Grande perplexité lorsque le rapport considère le gaz comme un très bon pont intermédiaire vers les énergies décarbonées…parce qu’il peut remplacer le charbon, toute en réduisant le CO2 émis et la pollution locale. Autant le dire,- mais il ne le dit pas ouvertement -,  le rapport Stern est en faveur des gaz de schistes. Par contre, il ne mentionne absolument pas la seule énergie complètement décarbonée qui permette réellement la transition énergétique vers les énergies renouvelables (- solaire essentiellement -) tout en permettant croissance et progrès, le nucléaire. Curieuse, cette propension à défendre les solutions qui conviennent aux USA, et à ne dire mot des solutions qui assurent une bonne  compétitivité à la France. La Chine, qui  fonce à toute vapeur - de charbon- vers le nucléaire et le Japon, qui, malgré Fukushima, s’apprête à relancer son nucléaire ne s’ y trompent pas ; ni Ségolène Royal qui a réaffirmé l’utilité du nucléaire français pour la transition énergétique.

Tripler les efforts de recherche développement pour les énergies renouvelables ? Fort bien, mais l’Europe a été incapable, et a d’ailleurs renoncé à atteindre le taux de 3% du PIB en recherche développement que préconisait l’agenda de Lisbonne pour l’ « Europe de la Connaissance »

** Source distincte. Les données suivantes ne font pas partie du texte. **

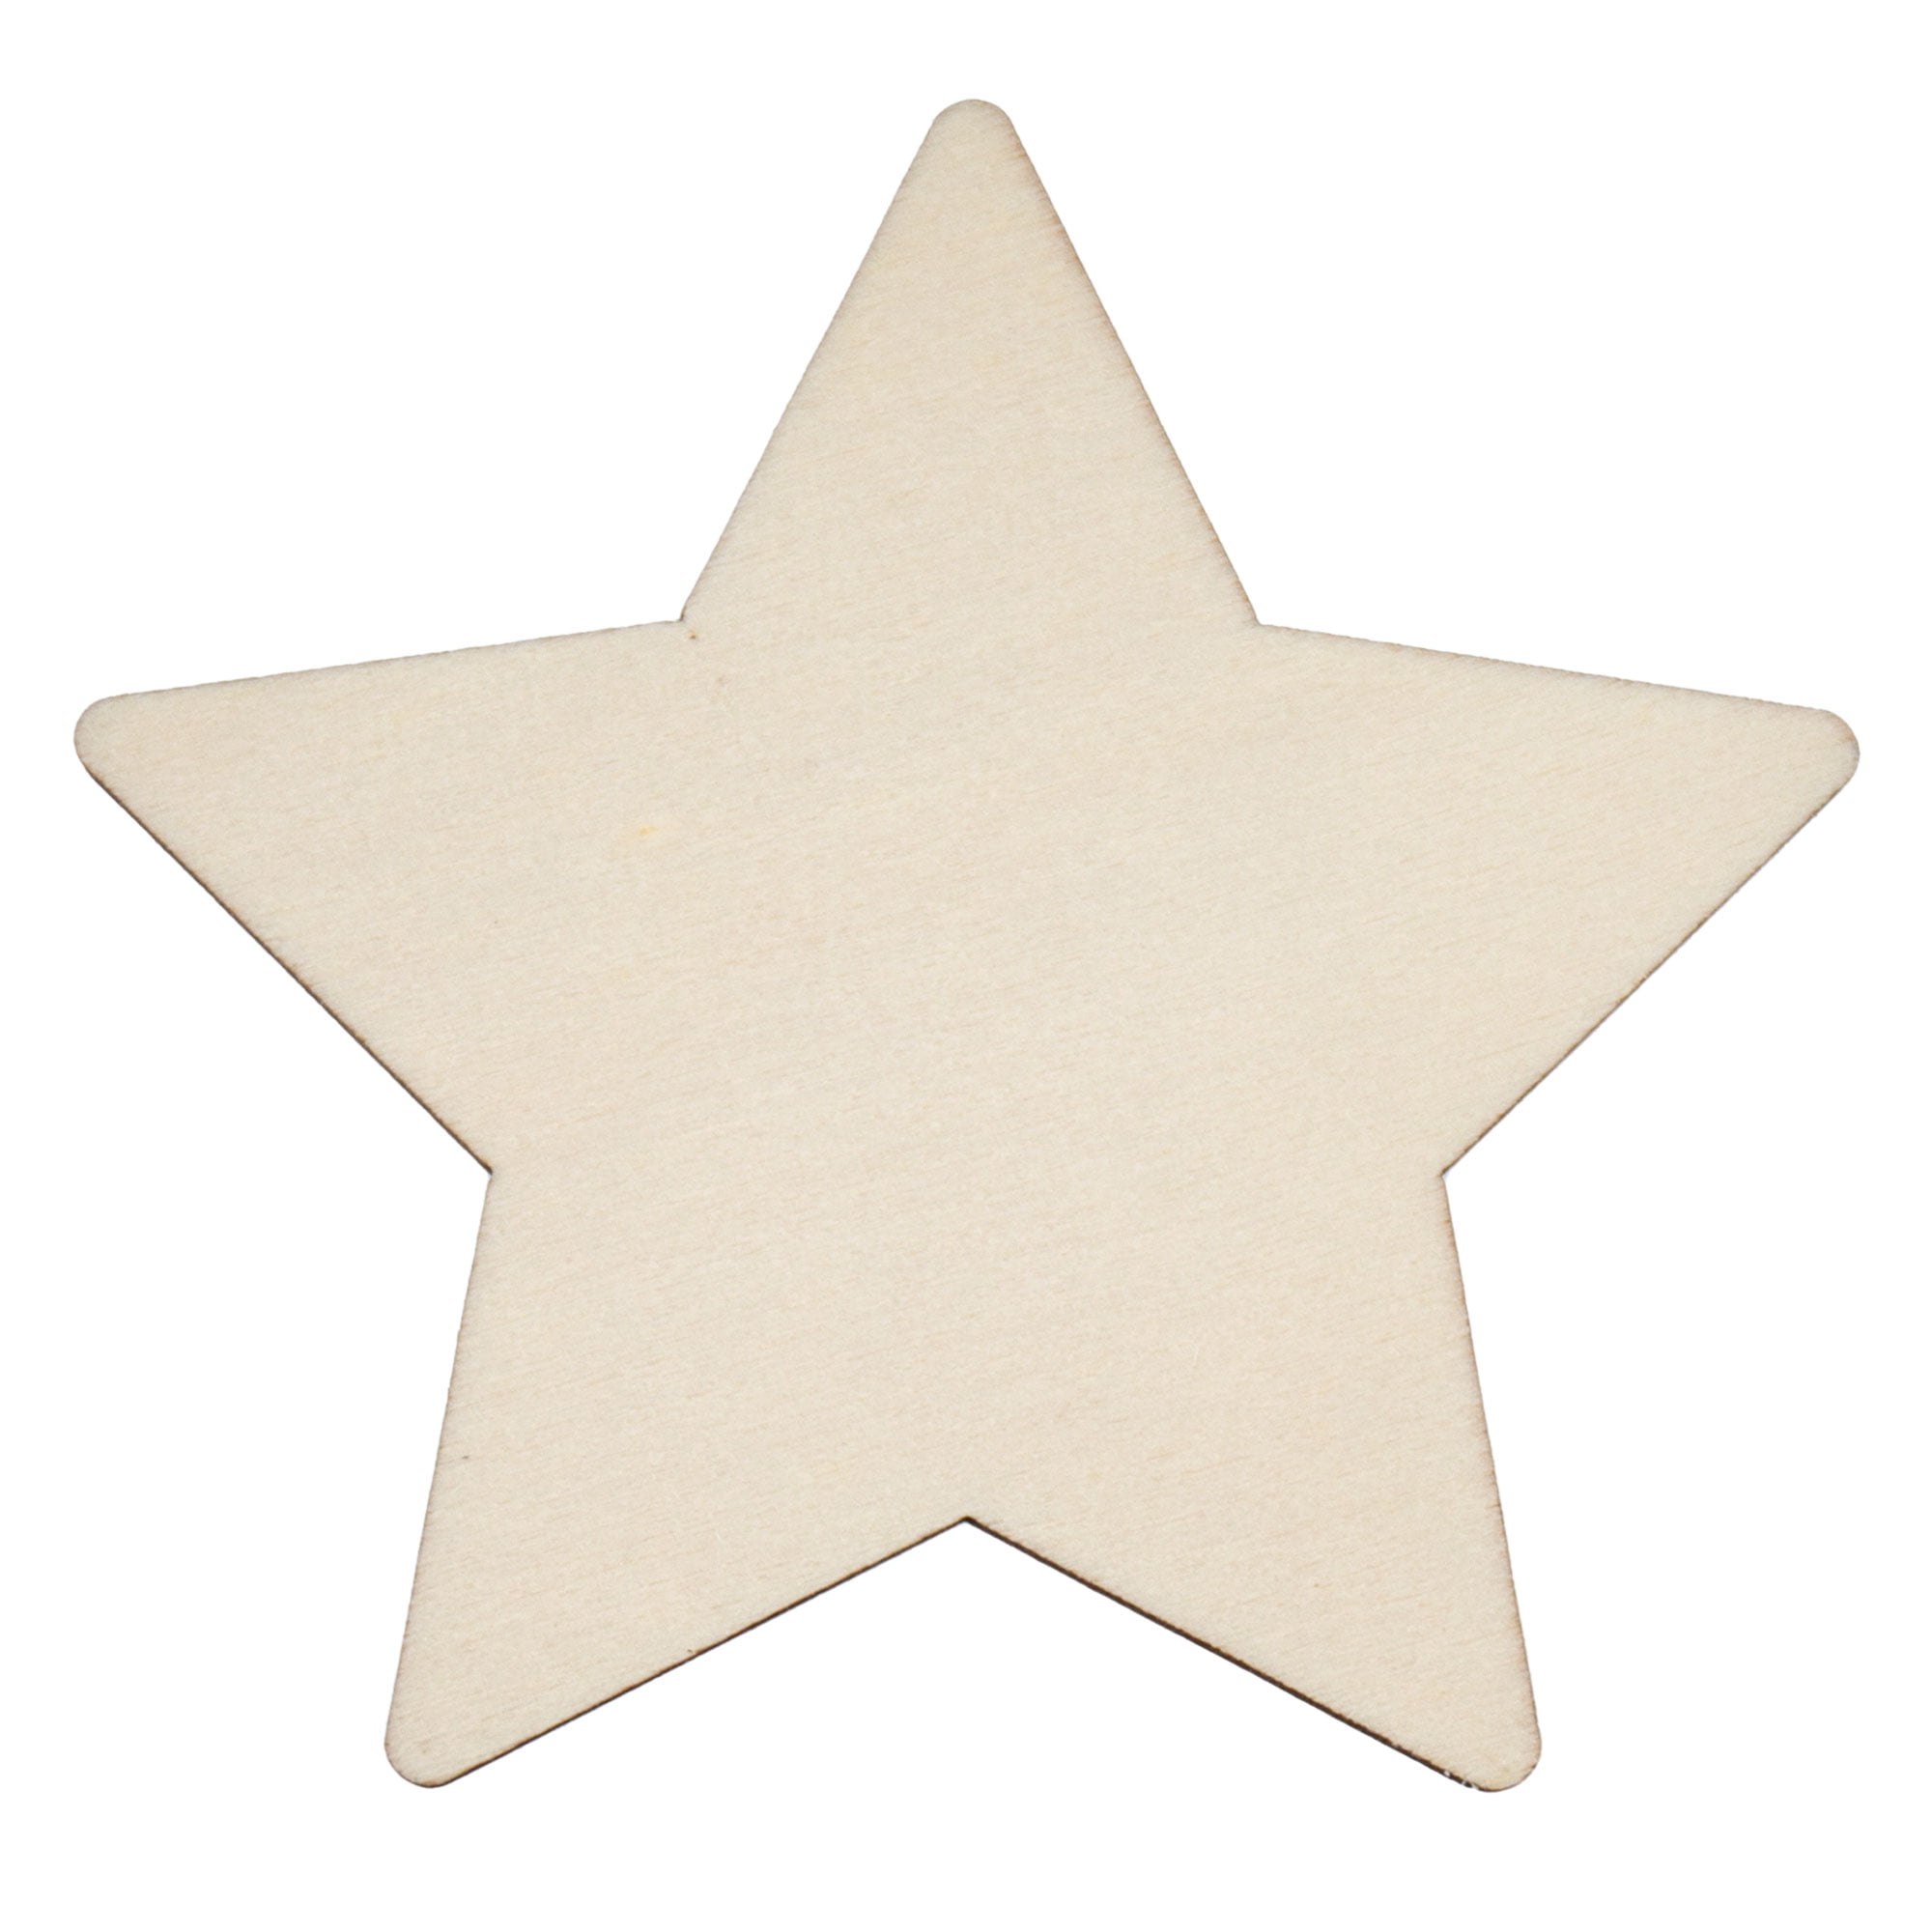 Wooden Stars With Holes, Wooden Star Cutout, Star Blanks, Wooden Shapes,  Wood Craft Shapes, Wooden Embellishments, Wooden Cut Out, 10 Pieces

Nous déterminons notre futur !

 Le rapport Stern est beaucoup plus convaincant sur le thème du développement de « l’Economie circulaire ». Au lieu du circuit linéaire allant de l’extraction des ressources primaires aux déchets, en passant par le produit, il s’agit en fait de systématiser le recyclage. Le rapport cite l’exemple de Cat Reman, la filiale de recyclage de Caterpillar qui emploie 8000 salariés dans 15 pays et est bénéfique pour l’environnement et…  source d’importants profits pour Caterpillar, en réutilisant tout ce qui peut l’être et valorisant au mieux le reste, proposant à ses clients des matériels recyclés pour une fraction du prix originel.

Oui le rapport Stern a raison de souligner que les investissements que nous ferons ou ne ferons pas dans les quinze ans à venir détermineront le climat mondial futur ; que si nous ne faisons rien, les catastrophes climatiques nous imposeront un coût bien supérieur aux investissements que nous n’aurions pas voulu faire. De toute façon, le coût humain et sociétal du réchauffement climatique et l’épuisement des ressources ne nous laisse guère de choix : nous devons préparer l’économie décarbonée, et ce défi devrait être déjà l’un des sujets majeurs de préoccupation et d’action des gouvernements. Vive donc les ministères du développement durable, et c’est une bonne idée que de les confier, comme en France, à des hommes ou femmes politiques d’envergure.

Reste que les lobbies de tous acabits seront à la manœuvre, et que cette politique, qui sera d’abord coûteuse, doit être menée sur des bases scientifiques et économiques solides ; et que la politique la mieux adaptée n’est pas nécessairement la même dans toutes les zones géographiques.  Il serait quand même bon que nous ayons, en France et en Europe,  des Etats généraux de l‘énergie, au cours desquels les experts scientifiques s’accorderaient sur différents scénarios et sur les priorités à mettre en œuvre, informeraient le public sur les conséquences et les enjeux et permettaient aux décideurs, en toute transparence, de mettre en œuvre la meilleurs transition possible.